I do a few months of cash in a high yield savings account, 40% VFV (basically S&P500), 50% crypto (45% BTC, 45% ETH, 10% alts), and 10% gambling with individual stock picks. I bought META when it was $90, COIN when it was $40, just trying to pick individual stocks that I think are undervalued or I expect to go up a lot more. I have high expectations for AMD, I believe in george hotz's vision of commoditizing the petaflop and that when this happens it will destroy nvidia's moat, sending AMD to nvidia levels.
Broadly my portfolio is 100% high risk, high growth, low fees, I don't need to withdraw the money so if it falls 90% it doesn't affect my day-to-day at all. This is the ideal portfolio for when you're starting from $0 IMO, since it's accumulating growth assets to grow your portfolio, as long as you don't need to touch it and just keep adding it to when it drops and keep letting it grow.

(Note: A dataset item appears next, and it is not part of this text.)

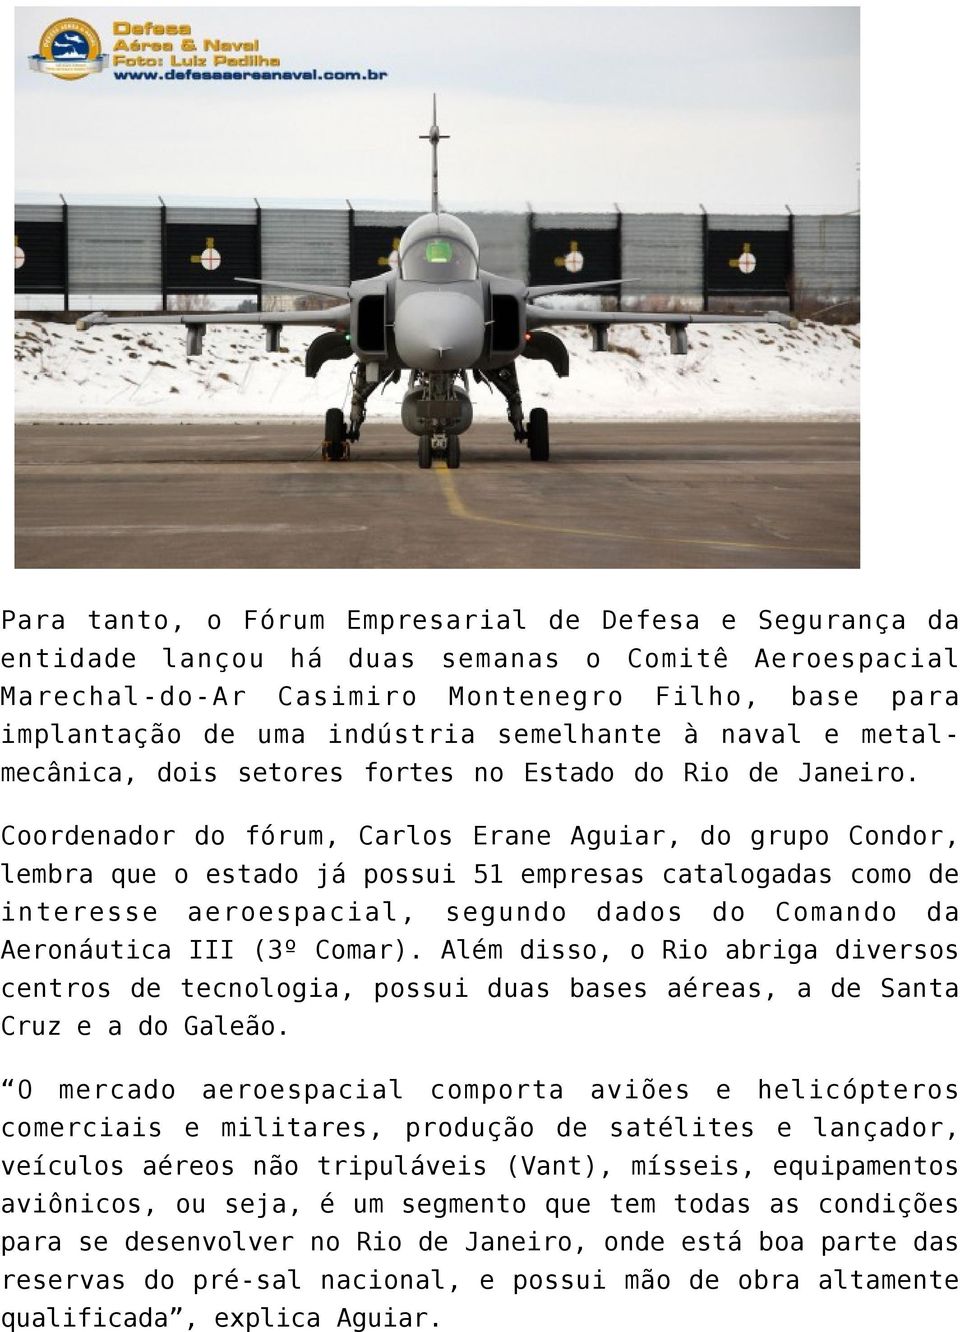 Coordenador do fórum, Carlos Erane Aguiar, do grupo Condor, lembra que o estado já possui 51 empresas catalogadas como de interesse aeroespacial, segundo dados do Comando da Aeronáutica III (3º

Once I hit my make it number (1.3m CAD), I intend to start scaling out of everything and moving it to XEQT though, plus keeping 1 BTC forever.
This kind of growth portfolio is great for growing but not so great to hold when you're retired since you're forced to sell periodically to cover your expenses, and if it's in a multi-year bear it hurts a lot to be selling after its fallen 50%. Holding something more diversified like XEQT will probably mean lower growth but the pay off is less volatility and not as deep dumps.
1.3m at 4% will comfortably pay my expenses at 50k/year.